AM: Untung apaan. Royalti cuman 1%. Pernah ke Papua ga? Harga semen saja sampai 1 juta di pegunungan, gara-gara jalannya susah. Rakyat sengsara, gak maju-maju. Miris lihatnya. Belum lagi, saya dengar limbahnya sembarang buang ke sungai. Rusak ekosistemnya.
AM: Hah, masa cuman 1%, Bang?
AM: Lha, iya. Dari jamannya Suharto sampai jamannya SBY.
AM: Tapi, kalau kita minta syaratnya banyak, apa gak lari Freeport?
AM: Mana berani dia lari. Emas di depan mata, kok lari.

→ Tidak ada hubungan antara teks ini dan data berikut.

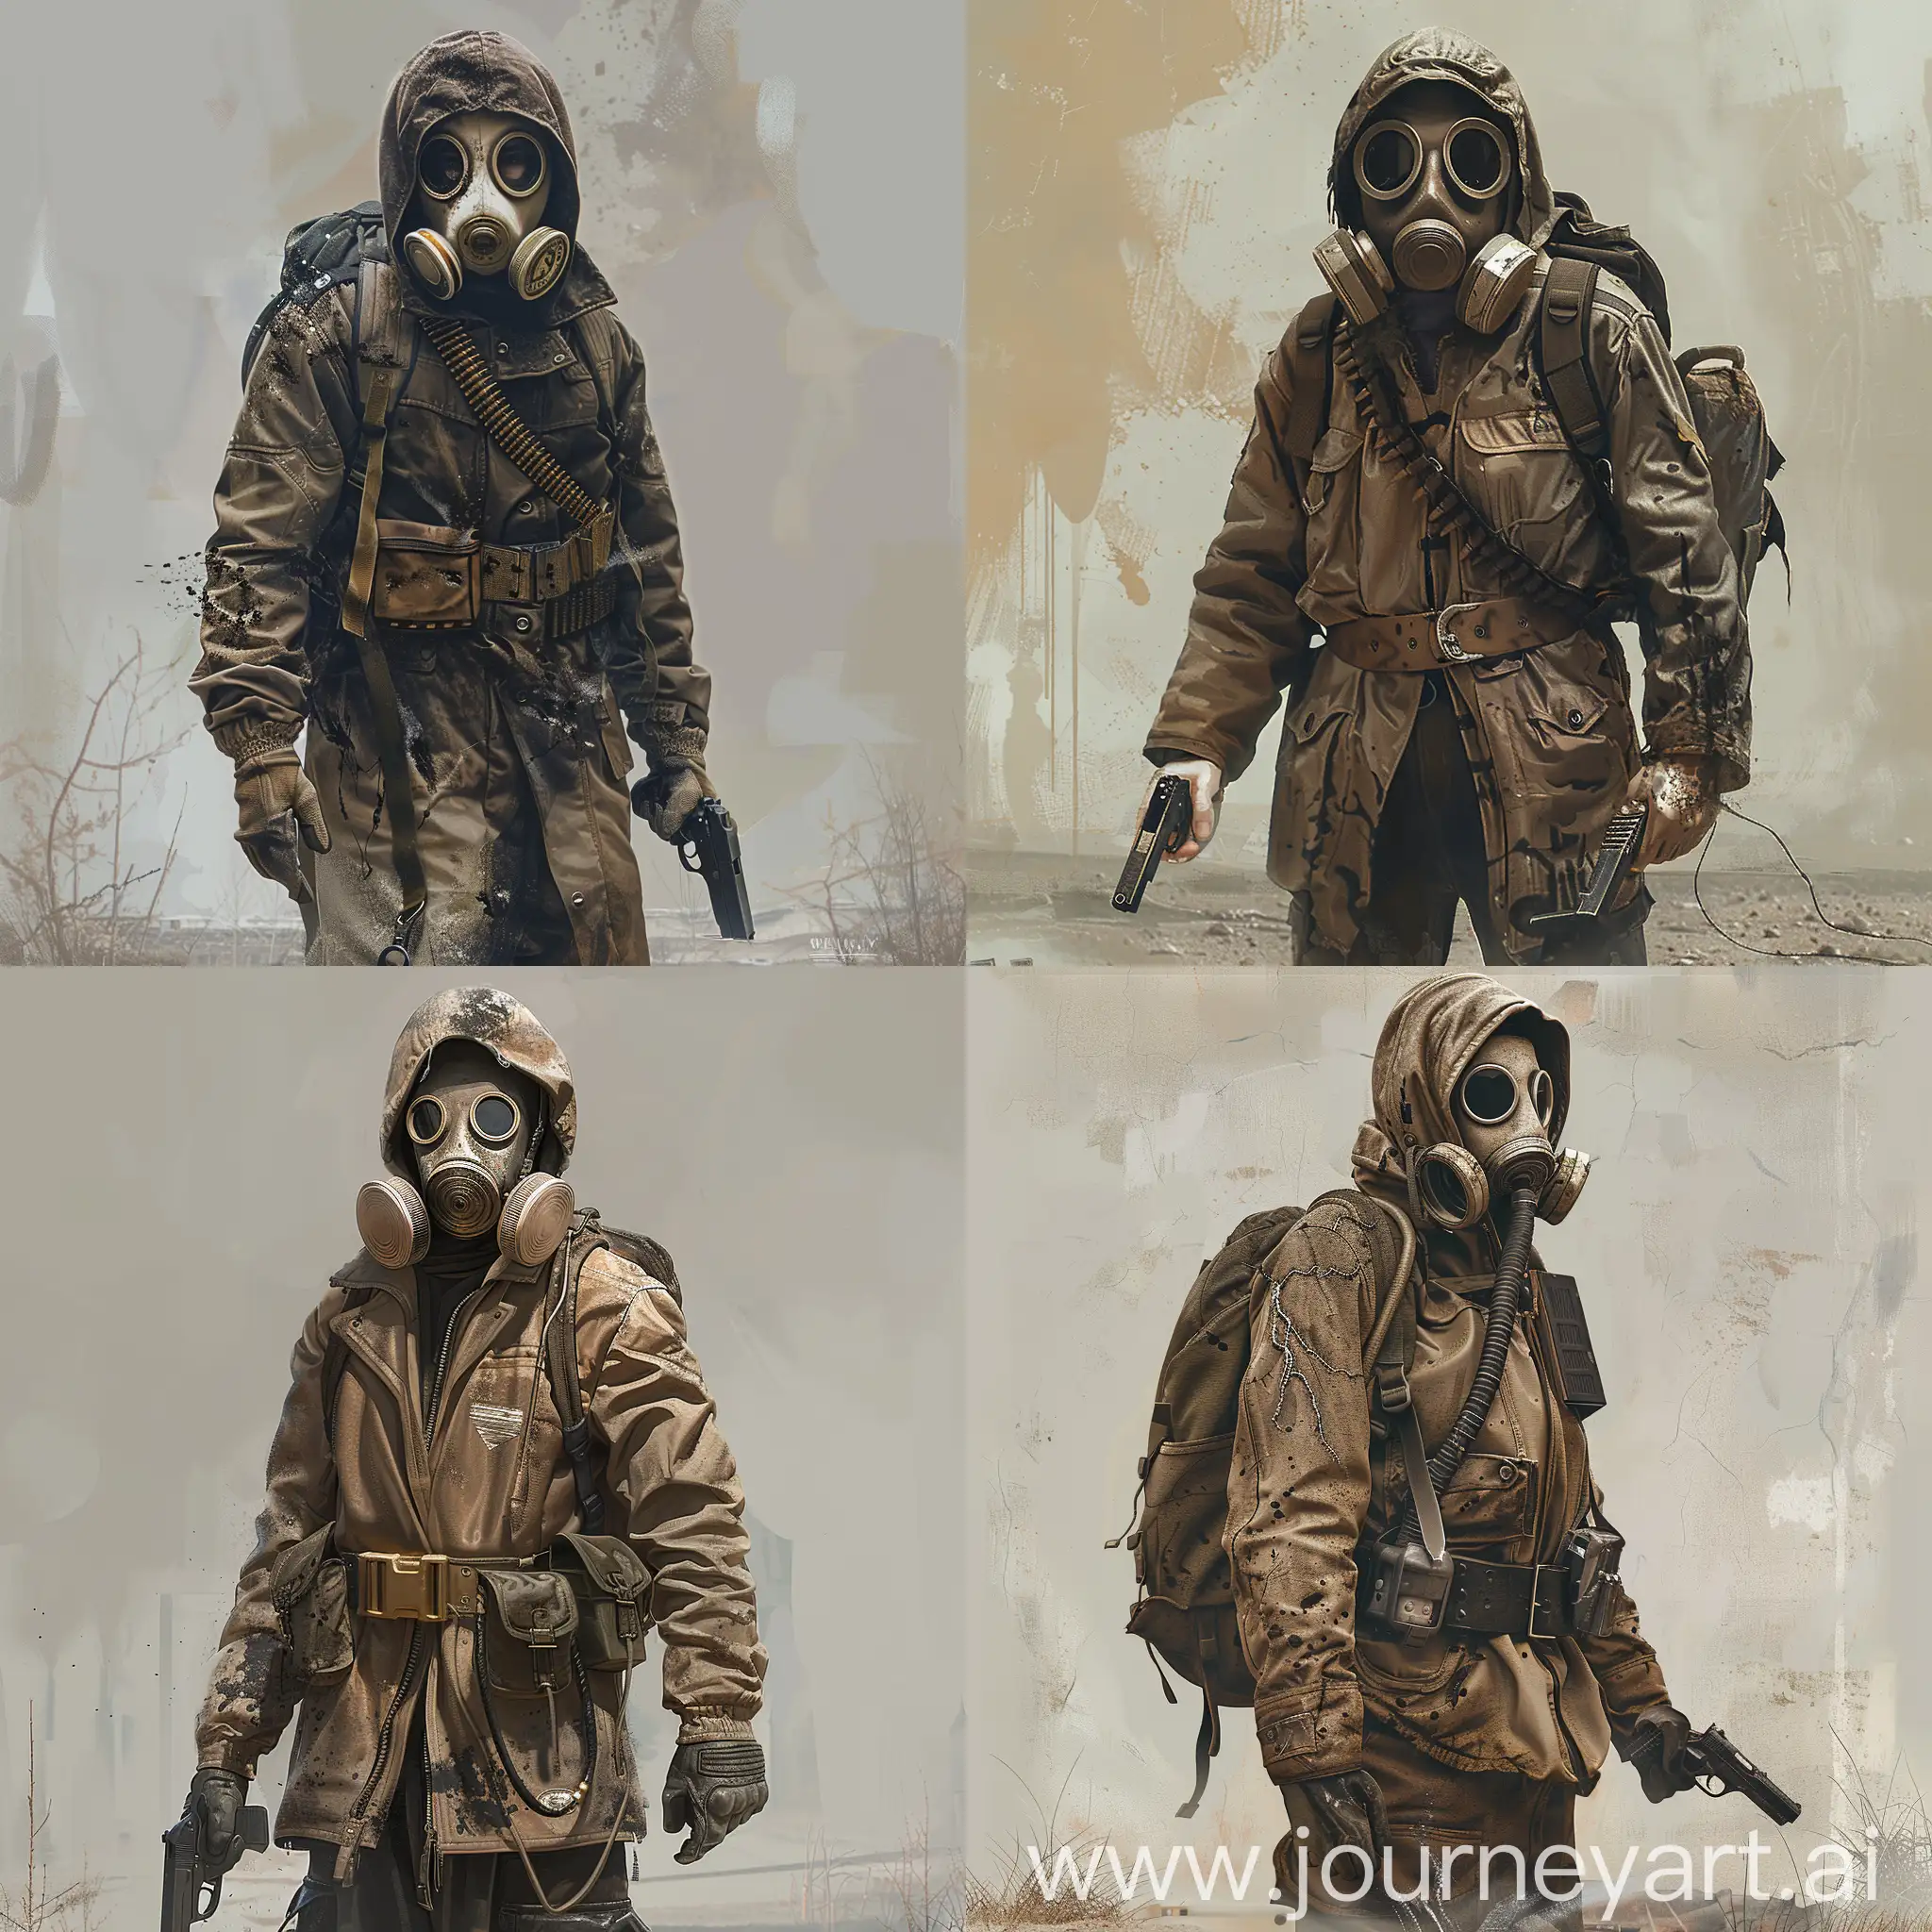 Concept art character, comics style, The stalker is a lone newcomer, a gasmask, a dirty light brown jacket, a Soviet belt, a small backpack on his back, a military discharge on his body, a pistol in one hand.
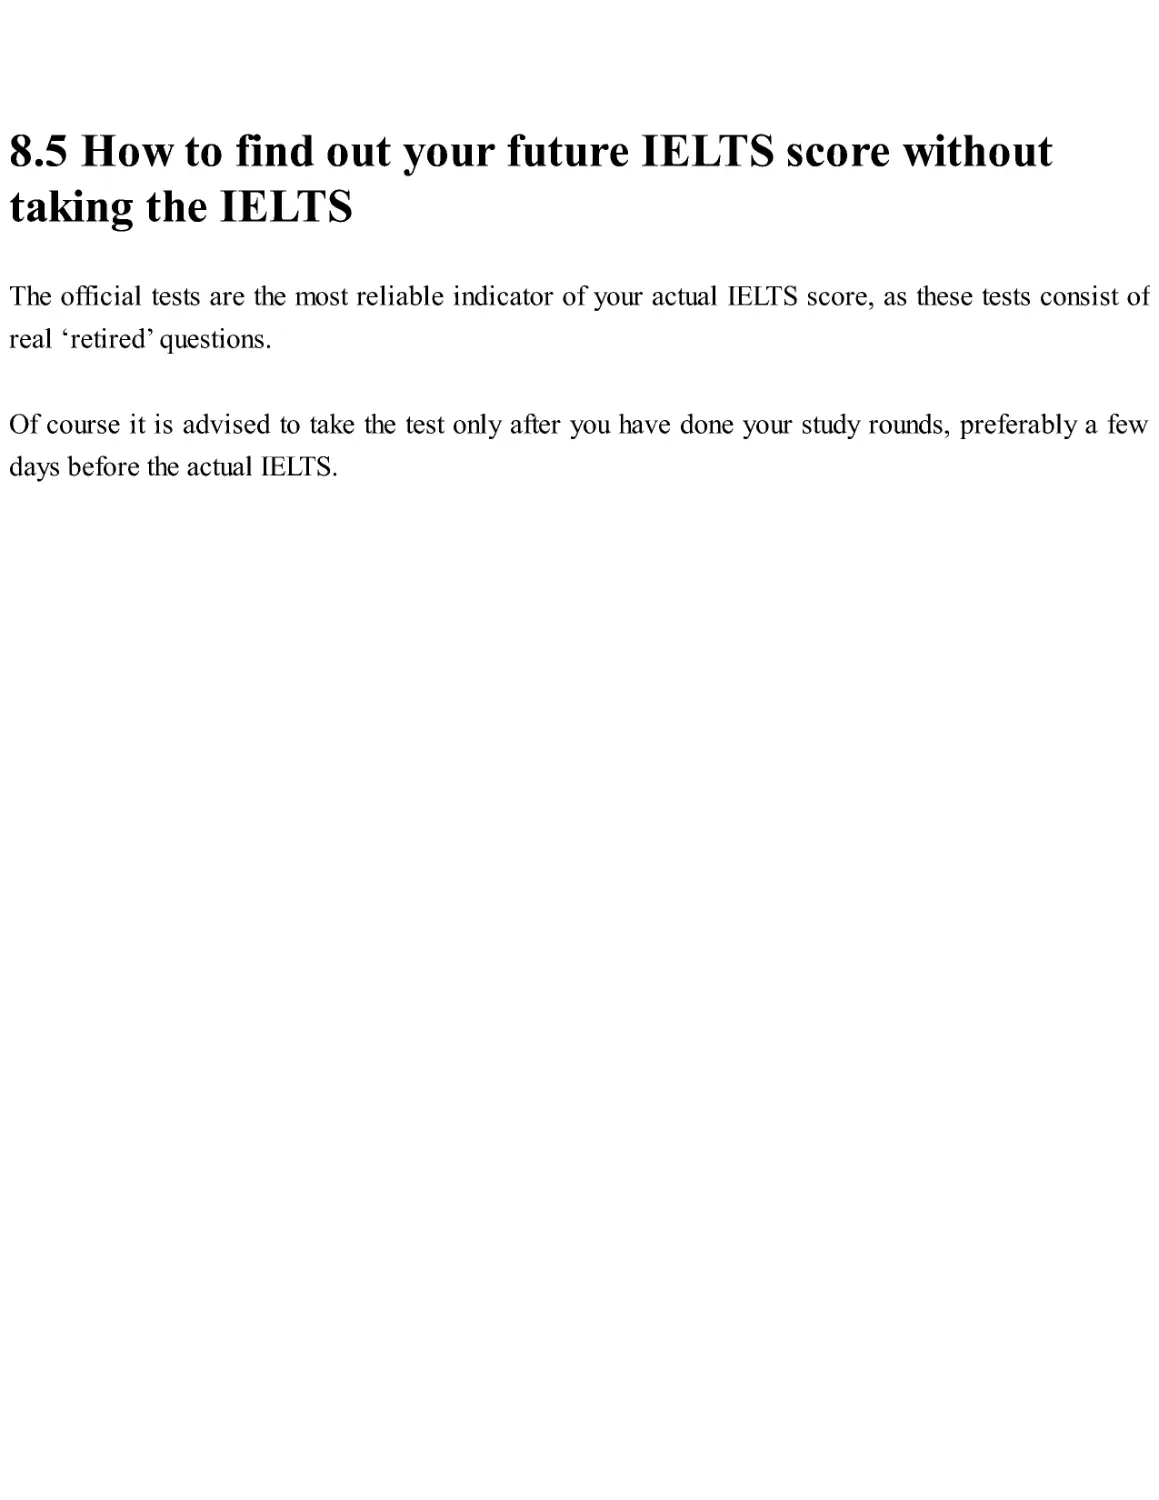 8.5 How to find out your future IELTS score without taking the IELTS

Sudah cocok yang dibilang Rizal Ramli, gertak aja itu. Gertak Medan, hahahaha.
AM: Emang kita sanggup, Bang, kelola tambang itu?
AM: Begini, di dunia tambang, ada suatu istilah. Processing Fee. Kalau kita kirim mineral mentah ke pabrik pengayaan dan pengolahan logam, umpamanya tembaga dan emas, kita tinggal membayar processing fee. Itu bisa persentase, hanya 5% atau 10%. Ataupun, bisa juga dengan satuan, misalnya USD 20 per ton.
AM: Maksudnya....
AM: Kita undang saja, BUMN Tiongkok ke Papua, suruh mereka yang bangun sendiri smelter dan PLTA. Kurasa, banyak yang mau. Mengantri pun. Emas jadi milik kita, kita bayar processing fee sama mereka. Kalau pun kita kasih 10%, kurasa mereka masih untung. Ada 16 juta kilo emas, bayangkan itu. Belum lagi tembaganya.
AM: Iya pulak, ya, Bang. Berarti, tembaga dan emas sana bisa jadi punya kita semua, dong, ya, Bang.
AM: Iya. Jadi, kalau menurut awak pulak, ya. Jangan lagi kasih keringanan ekspor konsentrat sama Freeport. Karena UU Minerba kan dari tahun 2009, sampai sekarang mereka baru progress 13 persen smelternya. Kan berarti memang tidak ada niat baiknya. Stop saja ekspornya. Nanti, tahun 2019, kalau mereka mau perpanjang ijin, tolak saja. Karena mereka tidak beritikad baik dari awal. Dan kalau perlu, didenda saja mereka karena perusakan alam. USD 100 milyar pun belum cukup. Kita ini kan negara berdaulat. Jangan dijadikan mainan sama orang luar. Sudah kekayaan alam diambil, dirusak pulak yang tersisa.